В допетровской России XVII столетия низший слой населения делился на четыре большие группы: холопы–рабы, принадлежавшие господам и не платившие податей; крестьяне «владельческие», принадлежавшие служилым людям, боярам и монастырям; казенные и дворцовые крестьяне; вольные или лично свободные люди, не несшие никаких государственных повинностей и промышлявшие скоморошеством, нищенством, сезонной работой на полях во время сельских работ, грабежом и разбоем.

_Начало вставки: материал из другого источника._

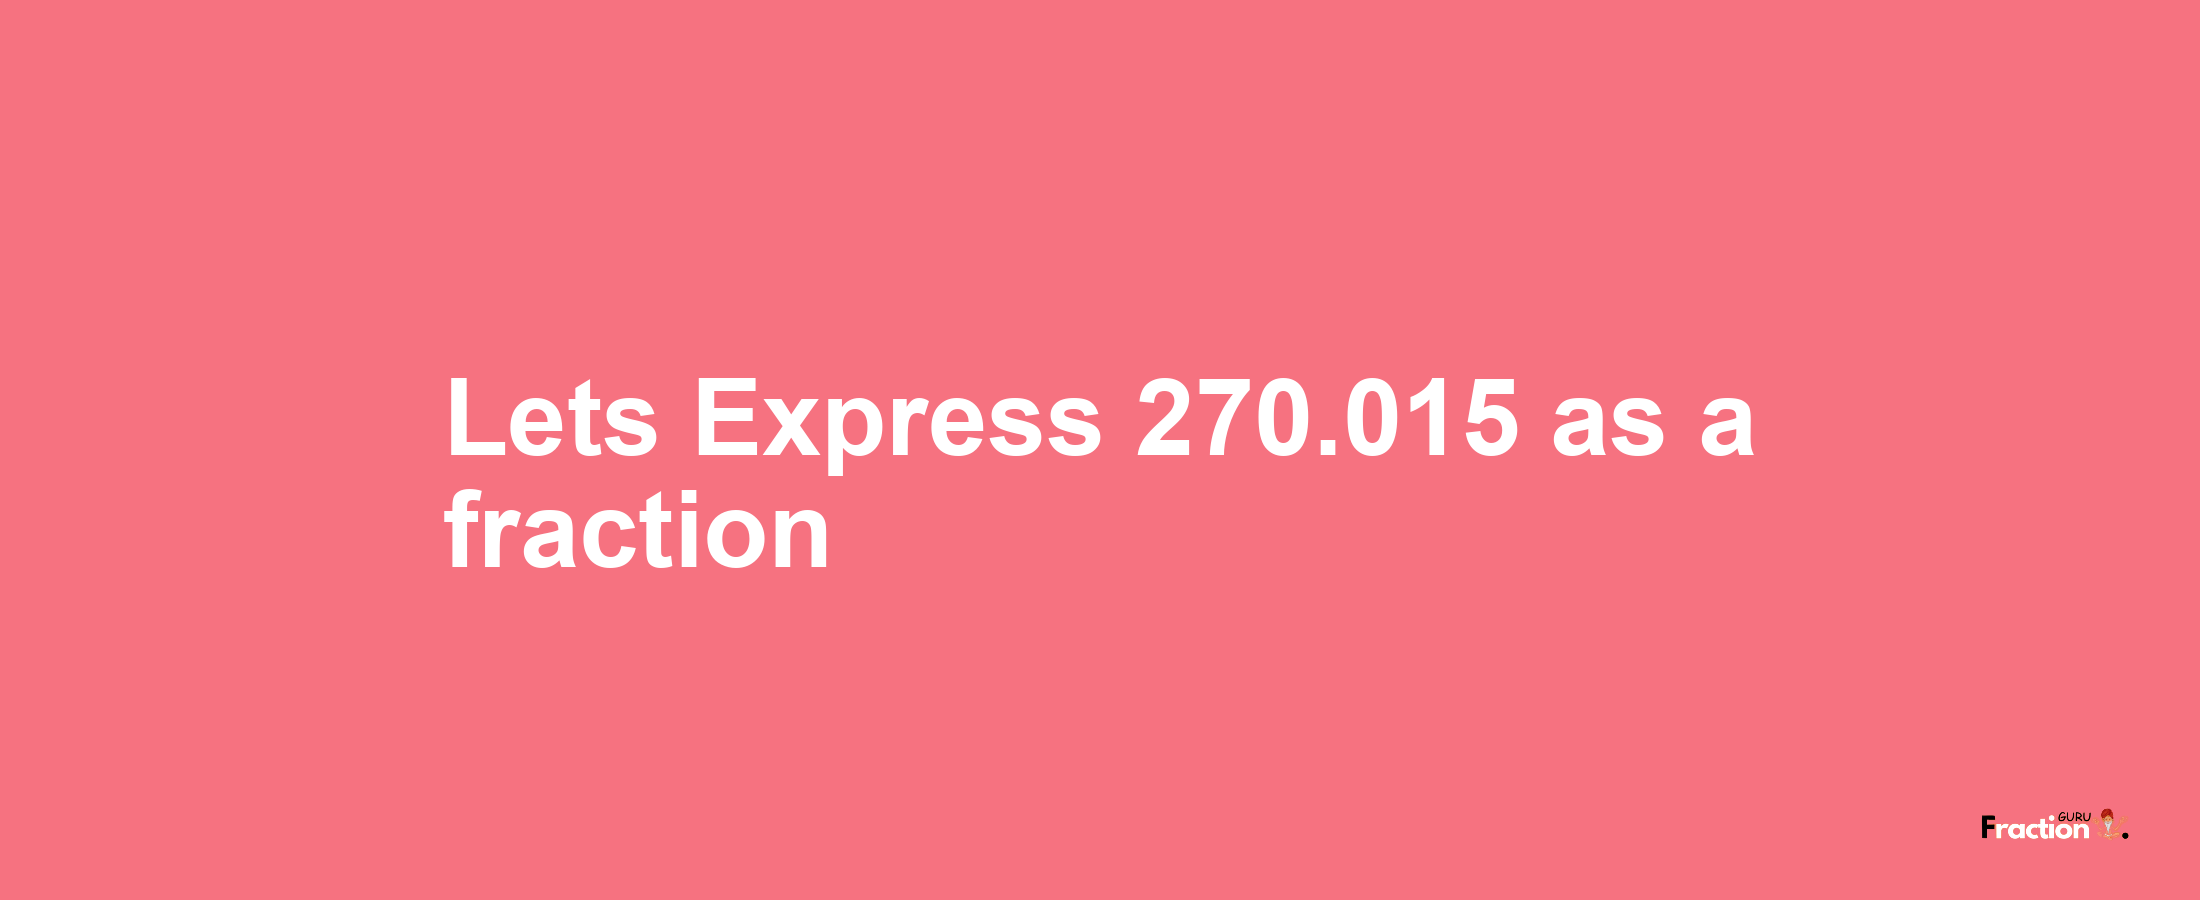 Lets Express 270.015 as afraction

Принятое в 1649 году «Уложение» царя Алексея Тишайшего положило начало процессу так называемого «вторичного закрепощения», когда в силу неопределенности взаимных прав и обязанностей землевладельцев и крестьян на практике «личные права крестьянина не принимались в расчет; его личность исчезала в мелочной казуистике господских отношений» (249 т. III, 170). И хотя по «Уложению» помещик не имел права оторвать от земли свободного по закону крестьянина (этим он отличался от холопа), на практике сложился обычай передавать крестьян от одного землевладельца к другому. Этот обычай настолько сильно вошел в сознание людей, что даже правительство забыло о личной свободе крестьян: в указе 7‑го апреля 1690 года имеется следующая формулировка: «Всякий помещик и вотчинник в поместьях своих и в вотчинах крестьян поступаться и сдать, и променять их волен» (124, 370). Иными словами, поощрялась продажа крестьян; и неудивительно, что помещик XVII века распоряжается живущими на его земле крестьянами, как рабами. Его приказчик волен сажать крестьян в тюрьму, в колодку, в железа, бить батогами, кнутом, может даже подвергать их пытке. Некоторые крупные феодалы доставляли подробные росписи, согласно которым приказчики должны наказывать провинившихся крестьян.

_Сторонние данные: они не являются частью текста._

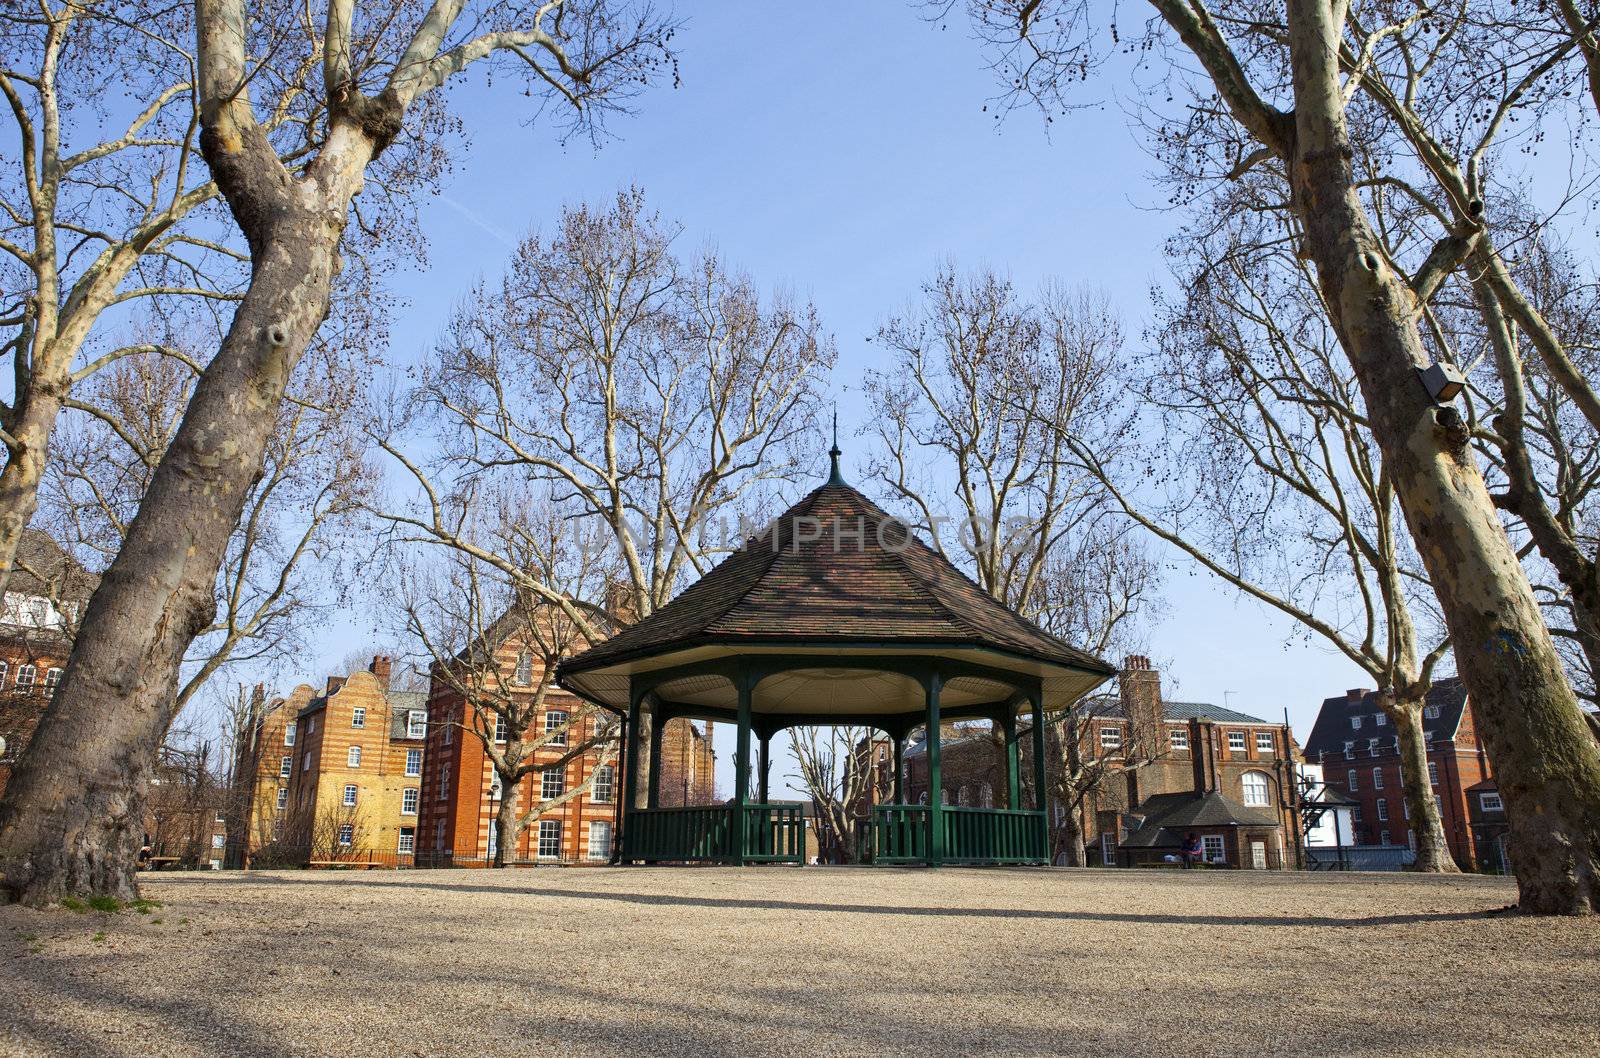 The Bandstand in Arnold Circus and the Boundary Estate in London by chrisdorney

В дошедших до нас письмах и наказах боярина Морозова в его вотчины ярко просвечивают нравы тогдашних крестьян, искоренявшиеся грозным боярином. «Первая вина, — писал боярин Морозов, — спустить; смотря по тому, если небольшая вина, побранить словом и дать на поруки; а сворует в другорядь и таких бить батоги; а сворует в третие — и такого бить кнутом». В обоих случаях провинившегося отдавали на поруки кому–либо из провинившихся крестьян. «По ком порук не будет, а ведомо, что он вор, — пишет далее боярин, — таких сажать в тюрьму, покамест поруки крепкия будут, и писать о том мне в Москву». Приказчик мог вмешиваться во все мелочи домашнего обихода крестьянина. Боярин приказывает ему крепко–накрепко следить, чтобы крестьяне «вина на продажу не курили и табаку не держали, и не курили, и не продавали, зернью и картами не играли, бабками не метали и на кабаках не пропивались» (124, 371). В письмах боярина Морозова речь идет и о поруках, что свидетельствует о значимости в жизни крестьянской общины, возникшей в глубокой древности и имеющей значение соборного объединения крестьян. Именно община неформально осуществляла строжайший социальный контроль, ибо все знали все друг о друге, проводила цензуру нравов, от которой невозможно было спрятаться: «Отдельная крестьянская личность растворялась, поглощалась, сливалась с сельским миром, — пишет О. Платонов, — Праздники и похороны, именины и свадьбы справлялись у крестьян всем миром, с миром у крестьянина связывались все радости, горести, успехи, прибытки» (205, 53).